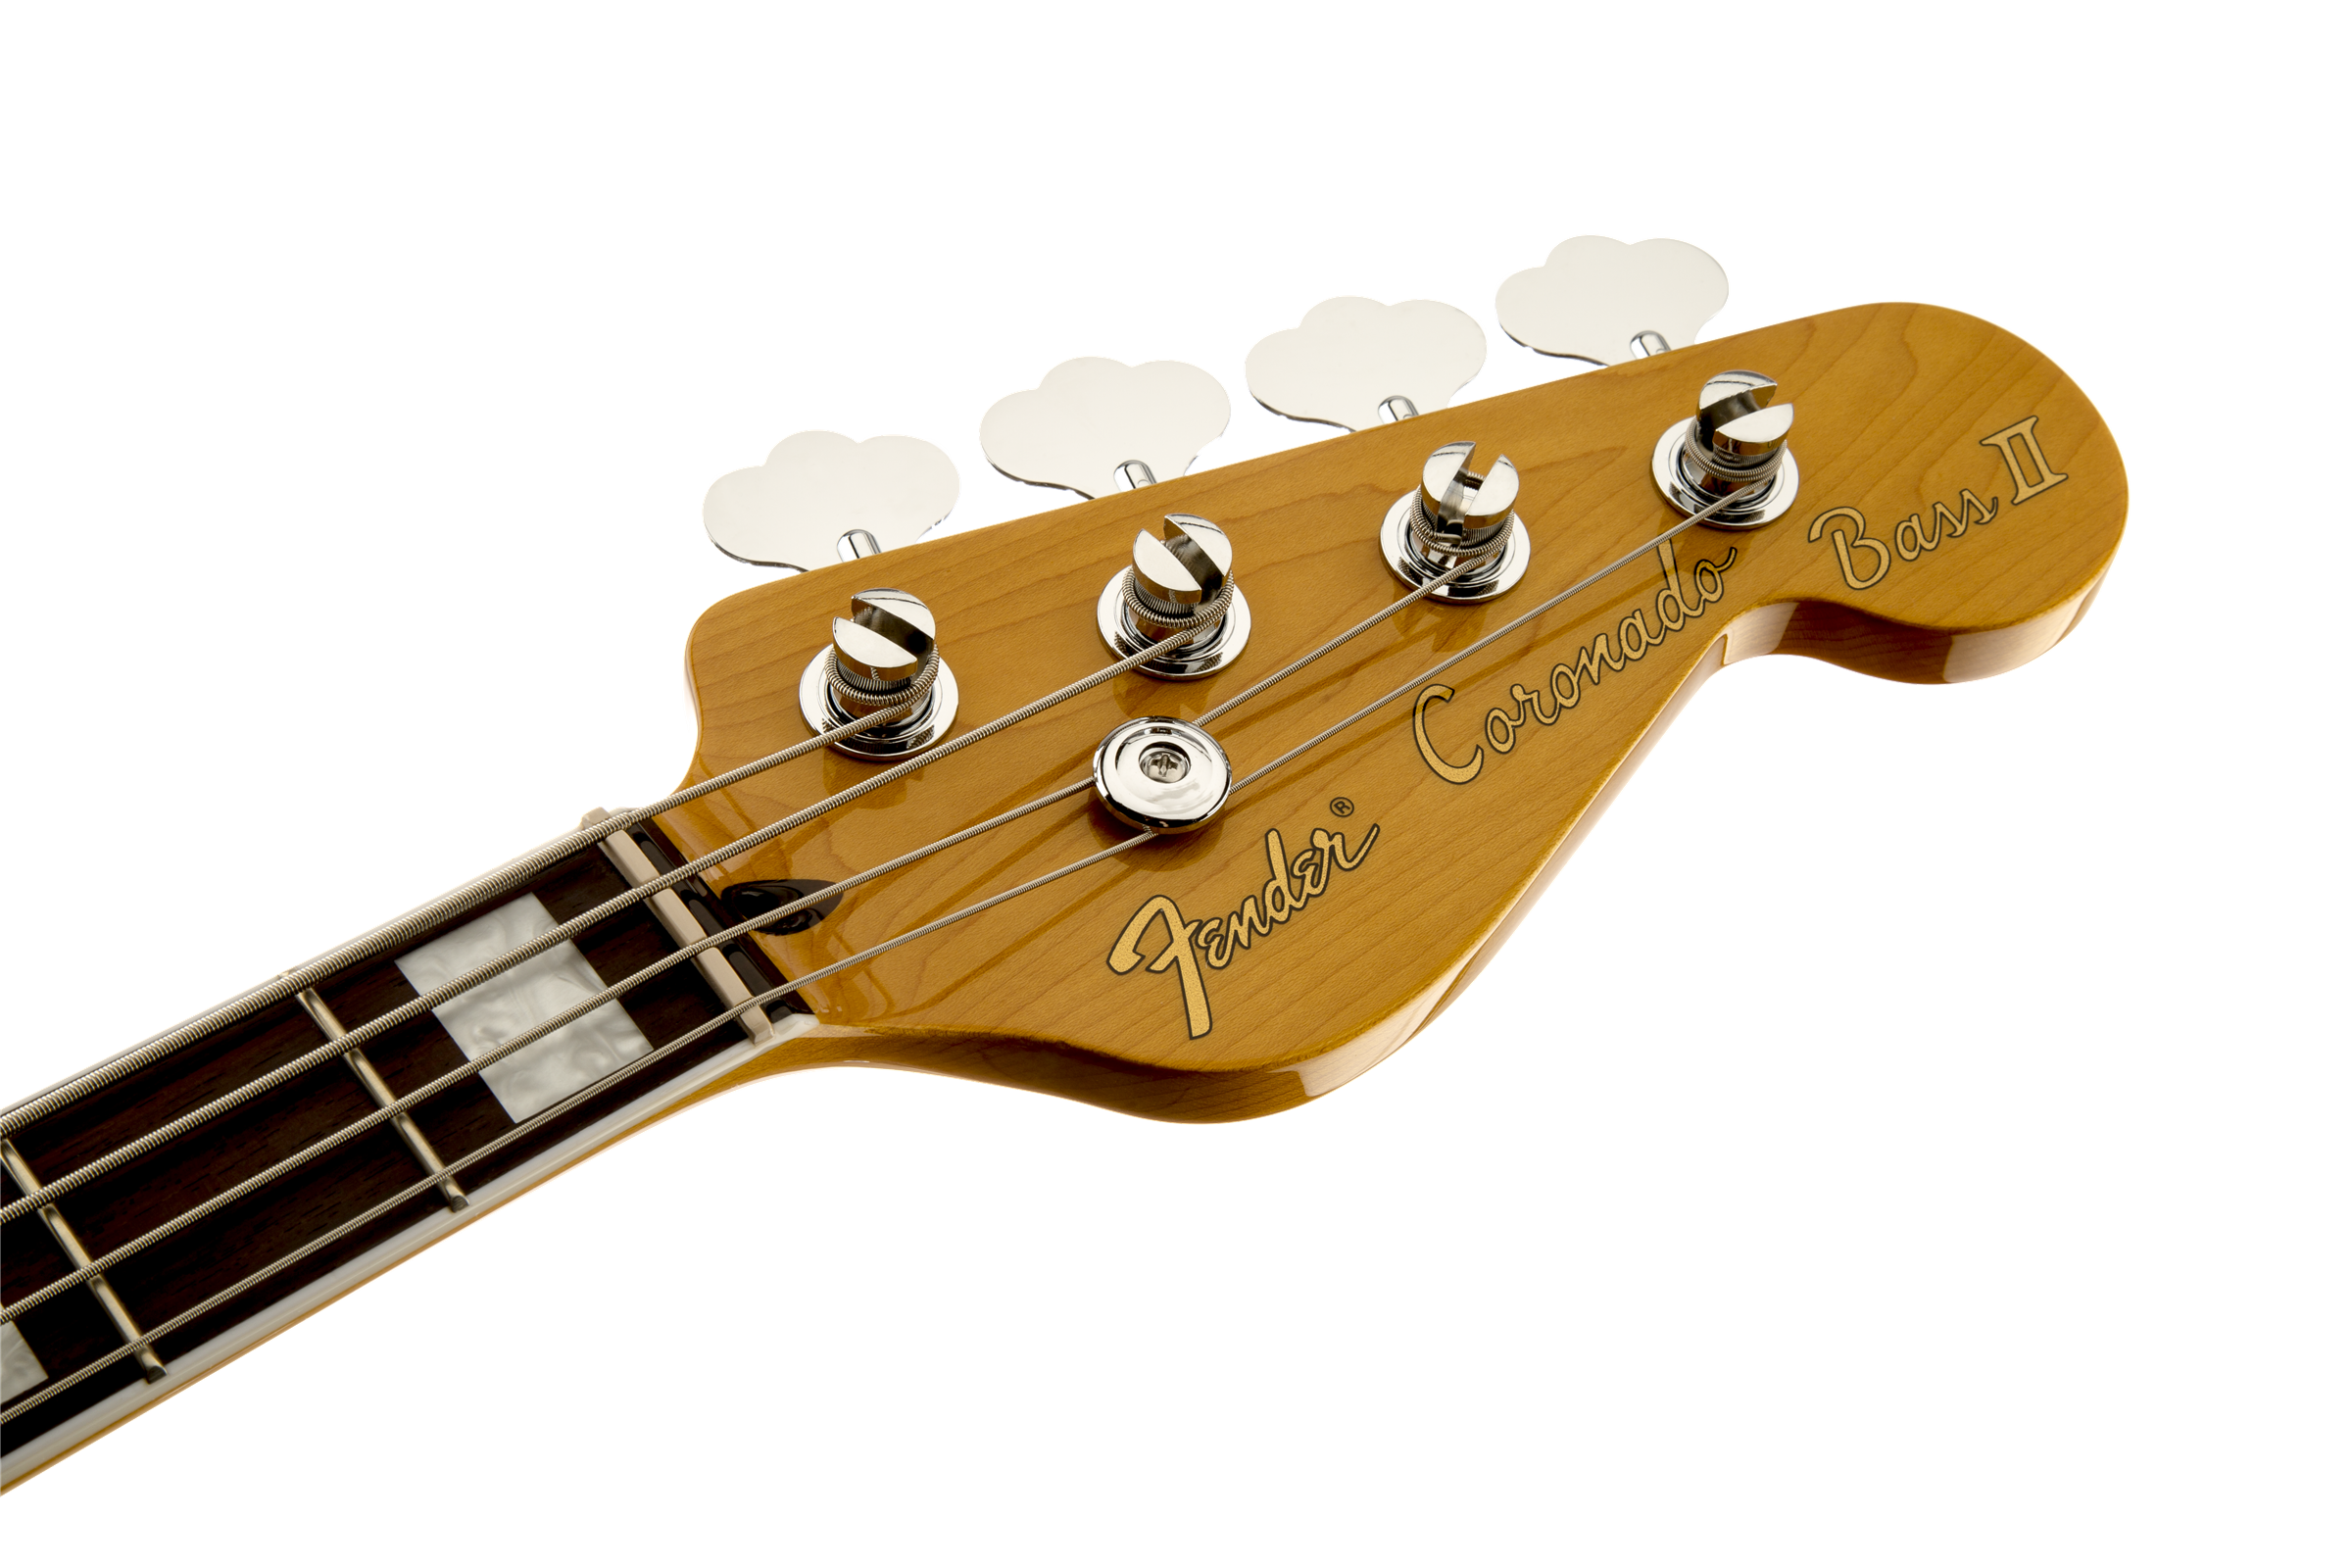 Fender serial number
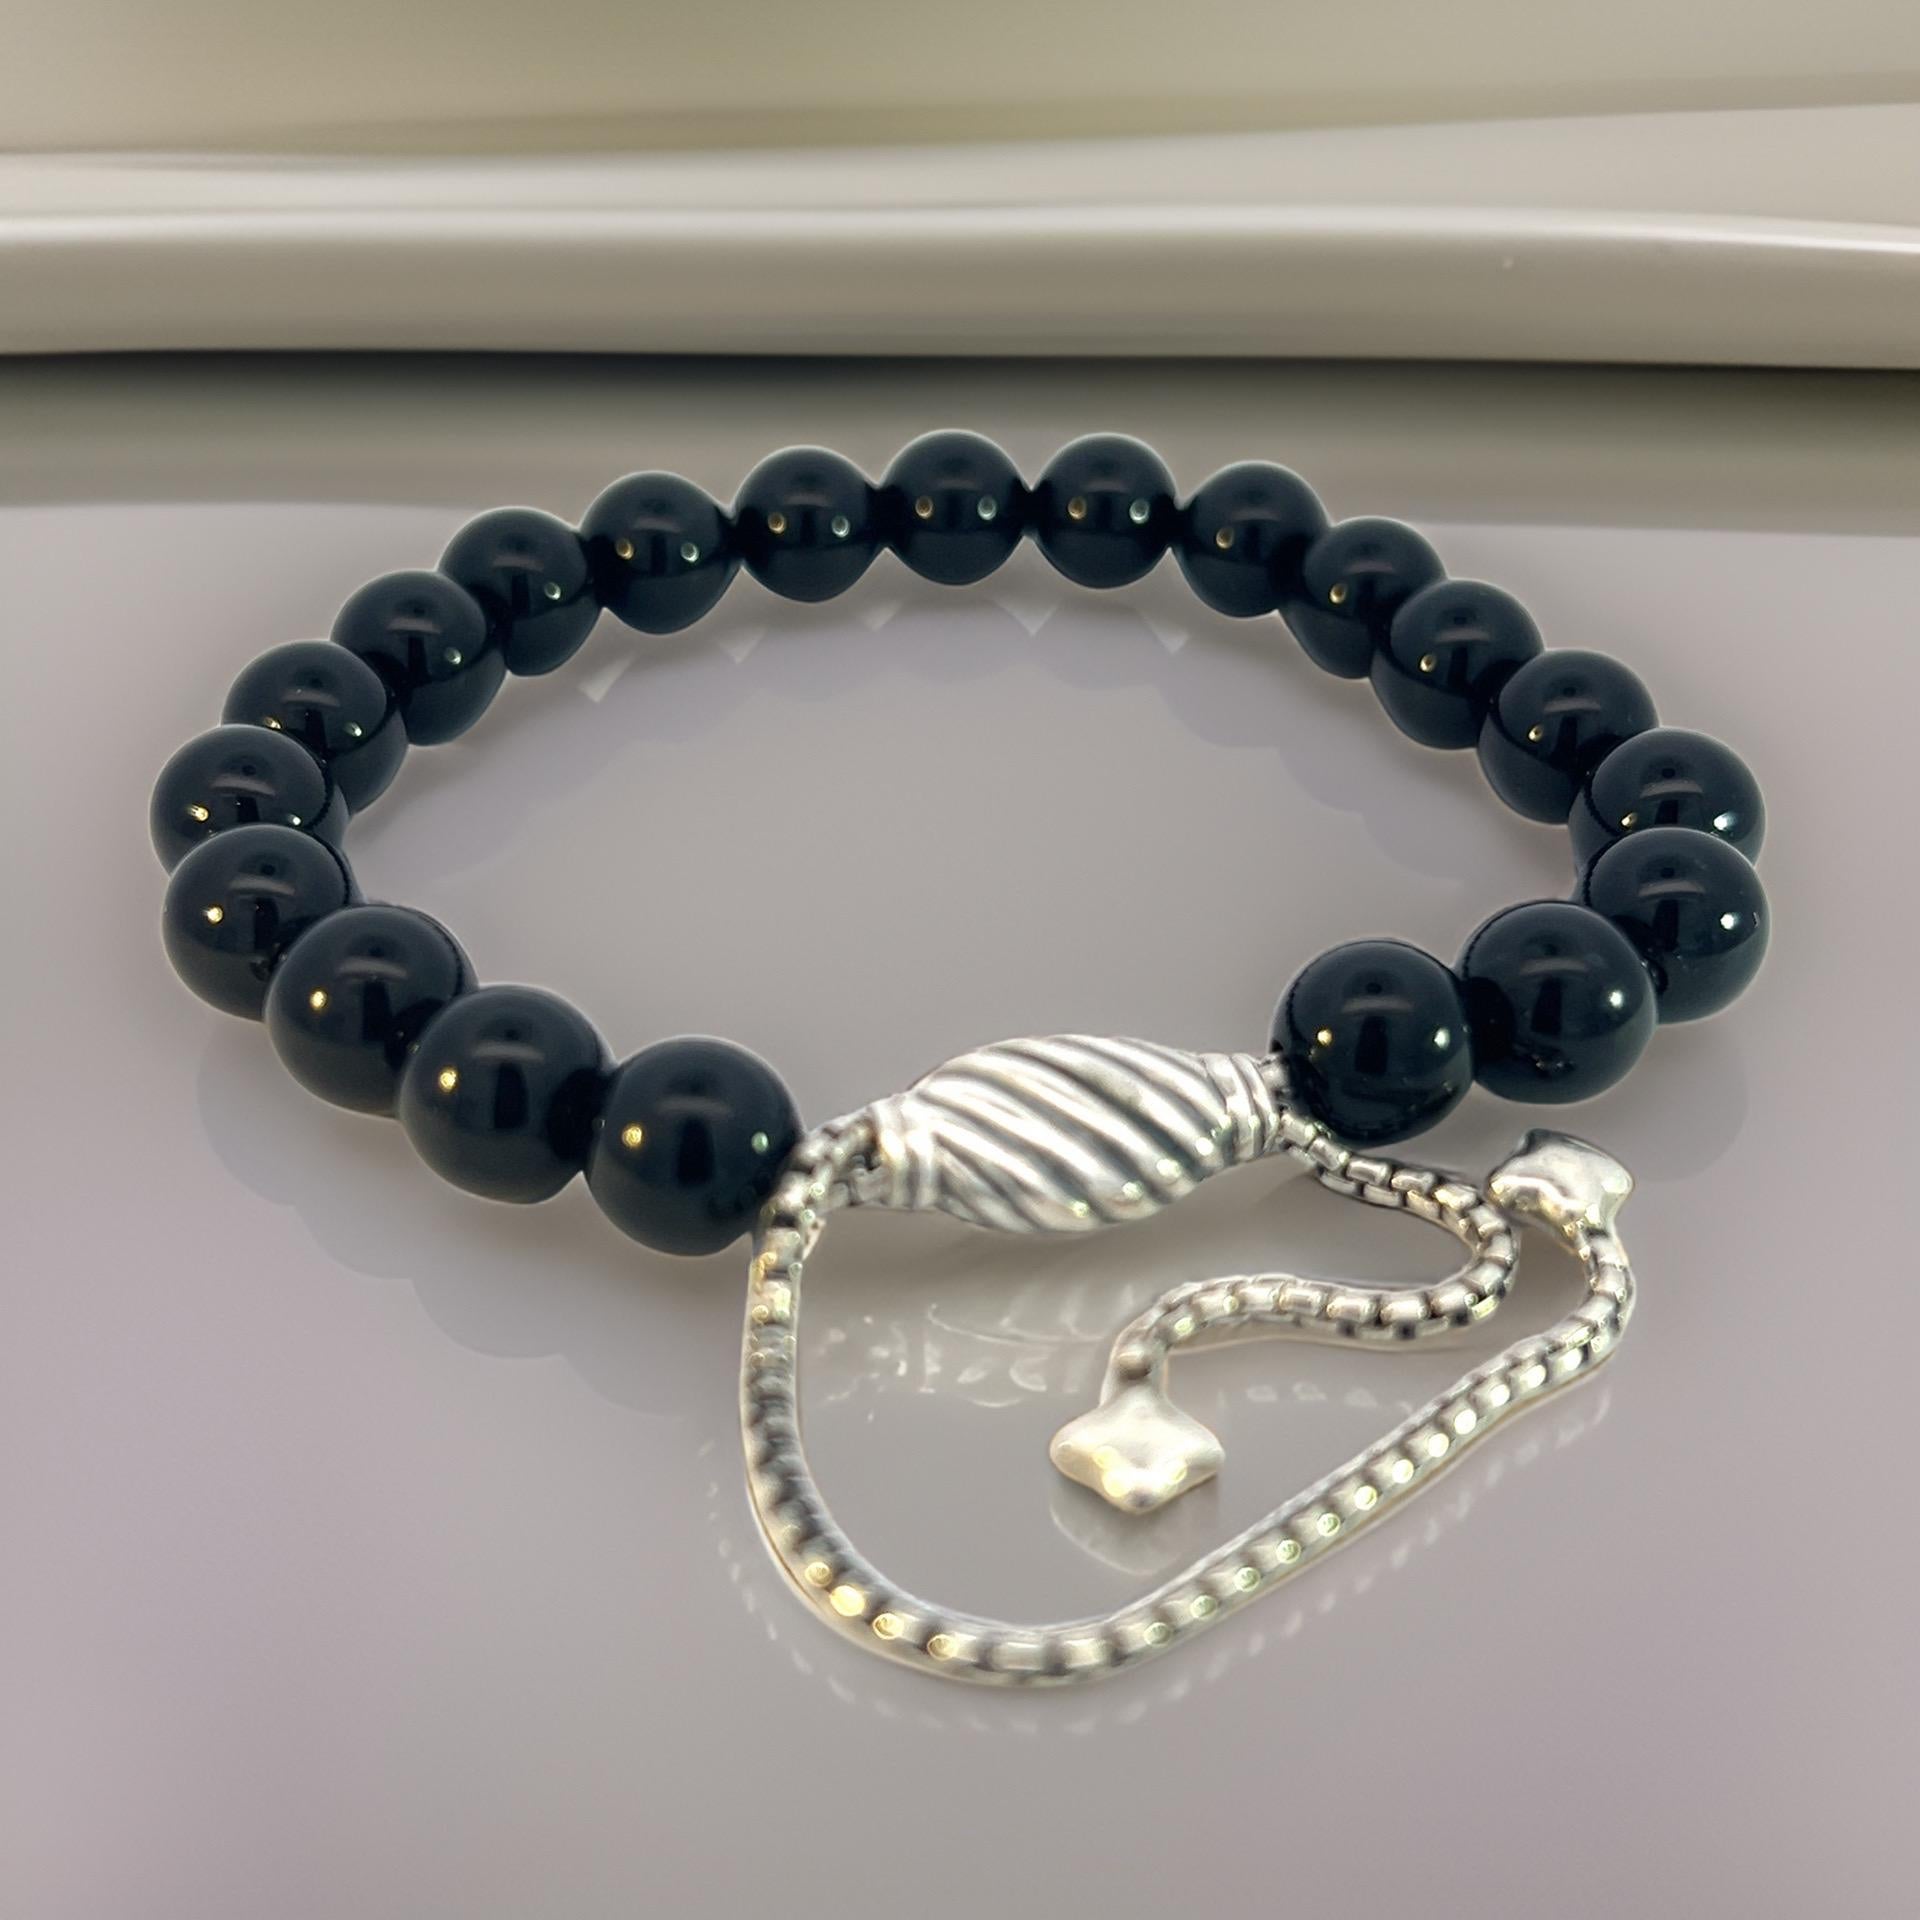 Authentic David Yurman Estate Black Onyx Polished Spiritual Beads Bracelet 6.6 - 8.5
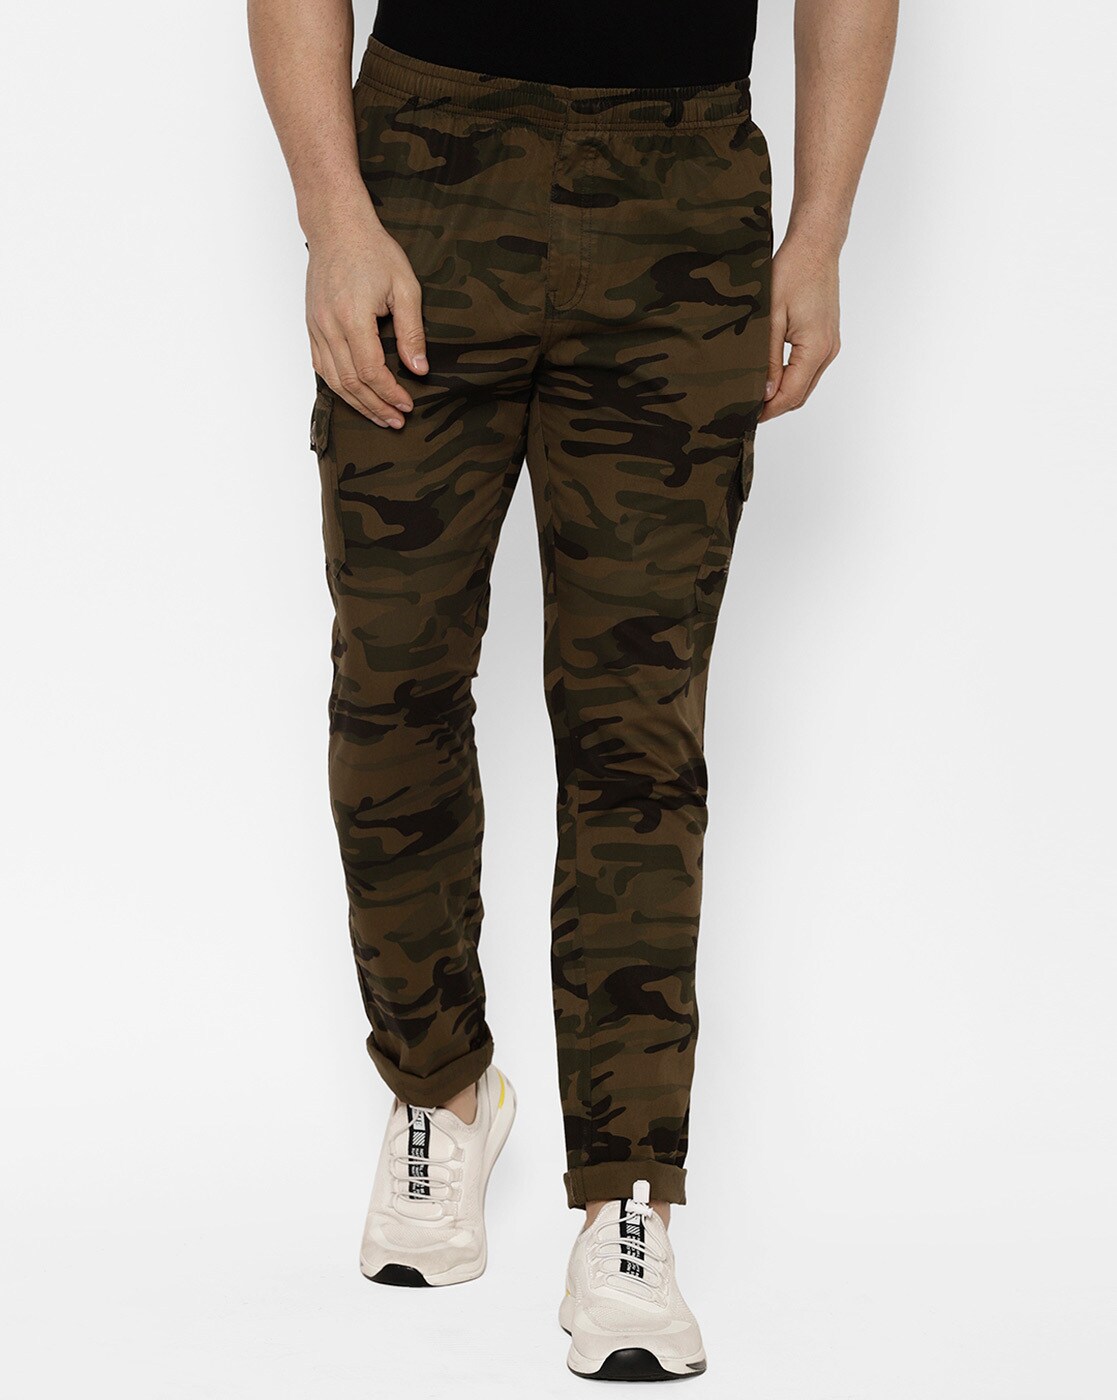 Men's Cargo Pant Camouflage Pants

+++++

» **About this task**
Reproduce the listing exactly. Leave its pictures out.

» **Exercise answer**
 Fender serial number
 Authentic David Yurman Estate Black Onyx Polished Spiritual Beads Bracelet 6.6 - 8.5
 Men's Cargo Pant Camouflage Pants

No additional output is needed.